A third one-off fossil is a mammal from the age of dinosaurs, given the name Adalatherium, which means “crazy beast,” according to the BBC News. Maybe it’s called crazy for its skill at debunking old myths.

Its discovery challenges previous assumptions that mammals were generally very small – the size of mice – at this point in their evolutionary history.

Researchers say this individual animal weighed 3kg (6.6lbs) and had not reached its full adult size….

Its discovery “bends and even breaks lots of rules”, said David Krause of Denver Museum of Nature and Science, who led the research.

The fossil was found on the island of Madagascar in 1999, but was described last week in Nature. It had a history, for sure, since this particular badger-like creature is no longer found. But why must it be called an “evolutionary history”? It appeared. It disappeared. Where’s the evolution?

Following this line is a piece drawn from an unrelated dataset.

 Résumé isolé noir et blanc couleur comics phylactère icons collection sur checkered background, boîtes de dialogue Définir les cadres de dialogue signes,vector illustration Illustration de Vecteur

Two points can help interpret these unique animals within a Biblical creation context. First, the world is impoverished today from the tremendous diversity shown in the fossil record. Second, there would have been plenty of room for many more animals and plants. A pterosaur’s-eye view down onto the land would not have exhibited dinosaurs standing shoulder to shoulder; they would have been spread out with a lot of room, just as large mammals don’t crowd the African plains today. The Flood would have wiped out most species and preserved the basic kinds, but all the dinosaurs eventually died in the post-Flood world, probably hunted to extinction by man relatively quickly.

Evolutionists are not in a better interpretive position. They realize that abrupt appearance, stasis, and extinction don’t follow Darwin’s pattern. The transitional forms Darwin craved did not show up. Their scarcity is illustrated by the enthusiastic hype from the Darwin News Media when an occasional candidate for a ‘missing link’ shows up.

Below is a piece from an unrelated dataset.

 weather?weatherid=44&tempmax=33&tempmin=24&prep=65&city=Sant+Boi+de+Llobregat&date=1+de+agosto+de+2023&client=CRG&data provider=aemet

These three one-off fossils do not show a gradual Darwinian sequence from ancestor to descendant. They just are. We can take them as they are, and marvel at their design and complexity. We can talk about their success as creatures without calling it “evolutionary success.” We can talk about their history without calling it “evolutionary history.” We can enjoy amazing animals from the past without giving Darwin credit he doesn’t deserve.

Did anybody notice the mention of collagen in the Tully monster? Could that protein have lasted 307 million years? Only if they are Darwin years. Those were invented in Darwin’s magic kingdom, where when you wish upon a star, miracles happen – given enough time.